Затем продолжилась рутина их дней и вечеров. Отец, проведя целый день на работе у себя в офисе, приезжал в больницу, где также просиживал долгие часы. По выходным он больше не приходил на поле для гольфа. Мать же приезжала в больницу по утрам и просиживала там до вечера. Она была ураганом бурной деятельности, металась между домом и больницей, успевая при этом прибрать в доме, постирать, приготовить ужин, изредка найдя минуту, чтобы сесть и передохнуть. И Джейн задумывалась: «Разве это нормально? И что вообще можно считать нормальным?»
Сама Джейн много времени стала проводить вне дома. Иногда, найдя свой дом заброшенным и пустым, вместо того, чтобы сесть на автобус и прокатиться в Викбург, она переодевалась в шорты и футболку, зашнуровывала свои старые кроссовки и выходила на улицу, чтобы пробежаться, стараясь не попадаться на пути у велосипедистов, и игнорируя детей, свистевших и что-нибудь выкрикивающих ей вслед, или пытающихся согнать ее с тротуара. Они для нее были «щенками». Но их она предпочитала тишине заброшенного дома.
– Хелло, Джейн.
Она прервала пробежку и подняла глаза. Майки Лунни оторвал от головы свою бейсболку.
Тяжело дыша и радуясь передышке, Джейн расправила плечи. Она не слишком увлекалась спортом, разве что в последнее время.
– Хай, Майки, – неуверенно пробормотала она.
Каждый раз, как кто-нибудь смотрел прямо на него, глубокий румянец тут же заливал его лицо.
– Кажется, пора сажать помидоры? – спросила она.

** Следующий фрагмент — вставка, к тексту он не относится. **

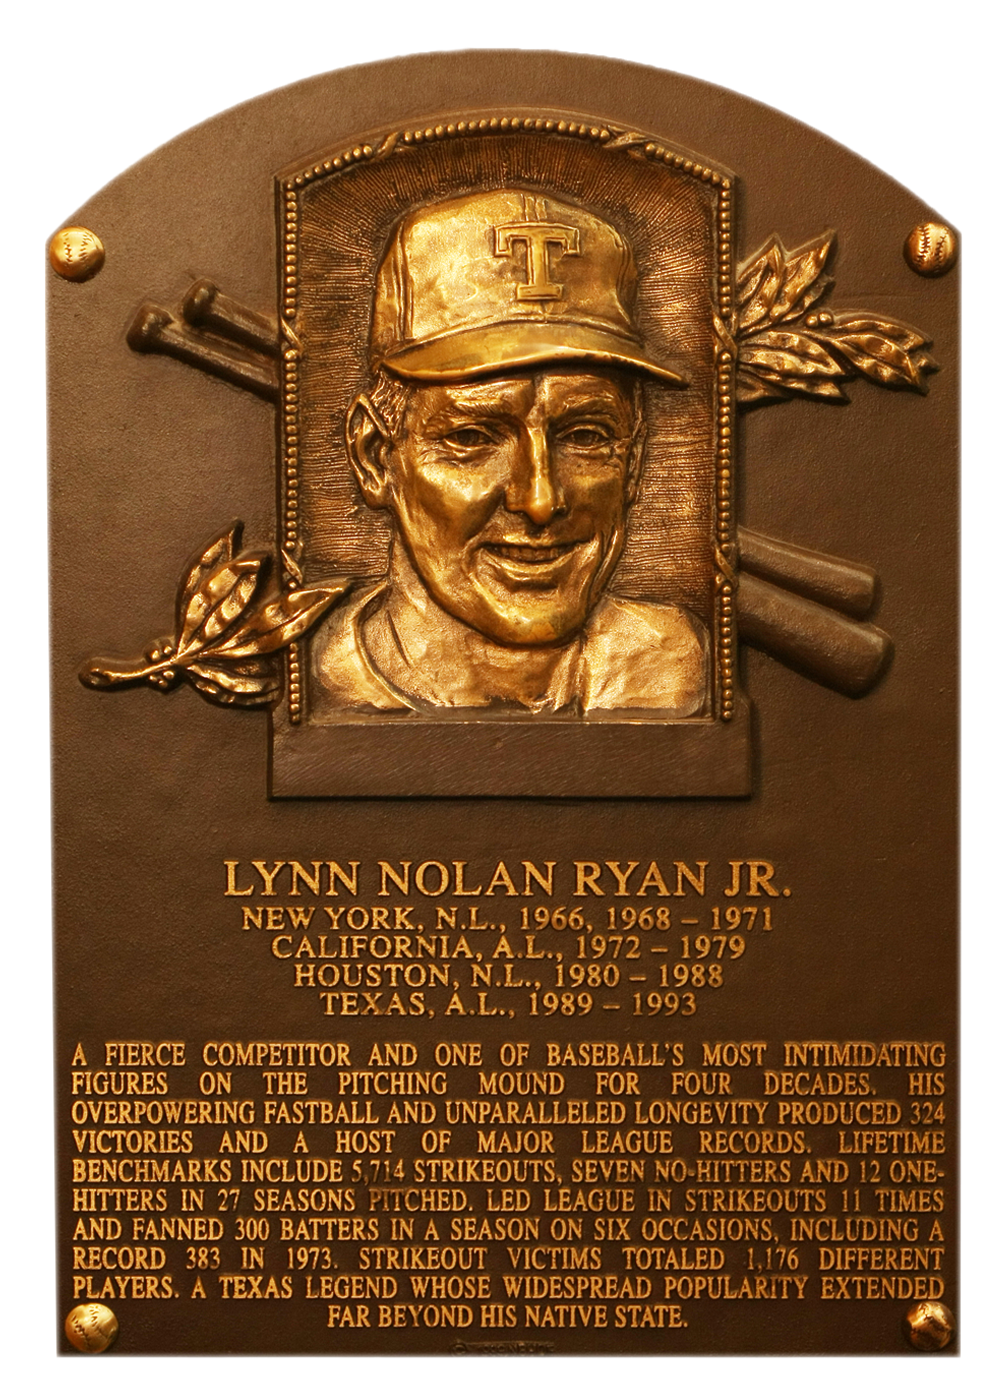 Nolan Ryan Hall of Fame plaque

– Тридцатого мая, – вдруг заговорил он с серьезностью профессионального агронома. – Раньше не стоит, слишком рано. Именно здесь – в Новой Англии.
Он будто колебался, затем пнул что-то невидимое на земле.
– Как Керен, – спросил он. – Давно собирался спросить, но не хотел вмешиваться.
– Она все еще в коме, – ответила Джейн. Убедившись, что ее ответ не шокировал его, она продолжила: – Она не страдает, Майки, и ей уже не так плохо.
– Надеюсь, что она скоро выйдет из комы, – сказал он, продолжая пинать что-то невидимое.
И будто это было предначертано судьбой: подошел Эймос Делтон. Как всегда его руки были заняты книгами, и как всегда он не смотрел, куда идет.
– Эй, Эймос, – импульсивно спросила Джейн. – Что ты читаешь?
Эймос послал ей замученный взгляд, будто встреча лицом к лицу для него была опасна.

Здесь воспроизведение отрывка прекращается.